Freedom of speech 8 The amazing thing is that plays attacking the war policy when the state was at war could be given under state auspices and that Cleon could be most virulently attacked for bad morals and manners when he was himself in the audience. Hadas, ed., The Complete Works of Aristophanes. [The Ancient Greeks had the freedom to criticize public policy in plays that were sponsored by the state and leaders even when the latter were in the audience.]

Freedom of Speech 13 If we are astonished at the temerity of a poet who could say a word for the enemy and many words for pacifism amid the passions of war, we must be amazed at a democracy which permitted and sponsored such a play in time of war, and gave it first prize. Hadas, ed., The Complete Works of Aristophanes. The Acharnians. [The playwrights of Ancient Greece could say a good word about the enemy and pacifism in a time of war in a play sponsored by the government and given first prize by the government.]

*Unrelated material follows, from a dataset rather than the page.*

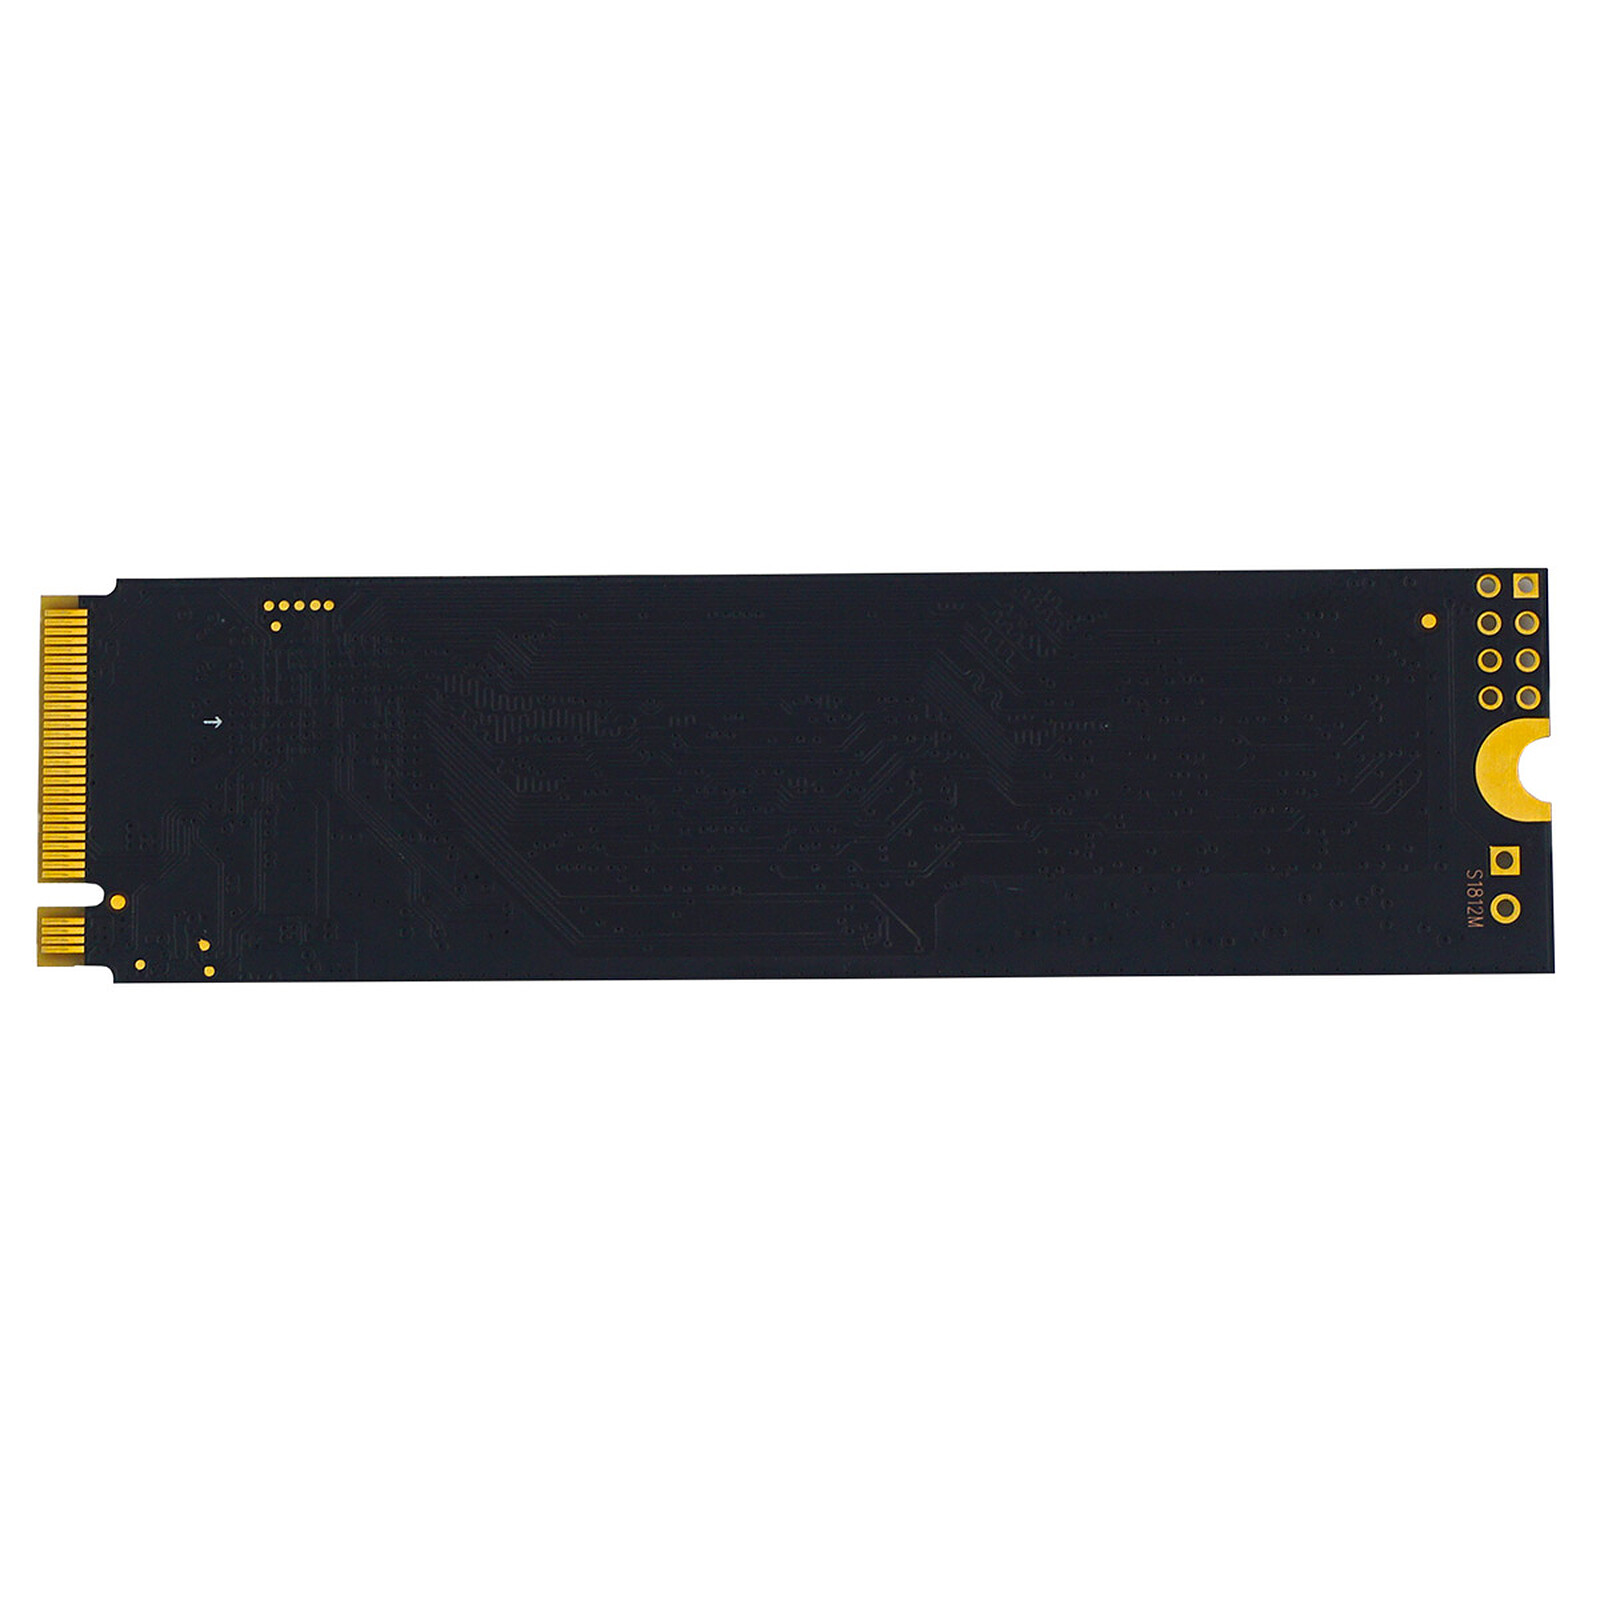 LDLC SSD F8 PLUS M.2 2280 PCIE NVME 480 GB - Disque SSD - Garantie 3 ans  LDLC

Freedom responsibility 180 Man is free and therefore responsible. Pope John Paul II, Threshold [Freedom requires responsibility.]

Freedom, liberty 298 Hegel: …order is the first requisite of liberty. Will Durant, The Story of Philosophy, Hegel. [Freedom requires order.]

Freedom, personality 483 Russell: Freedom is the supreme good; for without it personality is impossible. Will Durant, The Story of Philosophy, Bertrand Russell. [Without freedom, personality is impossible.]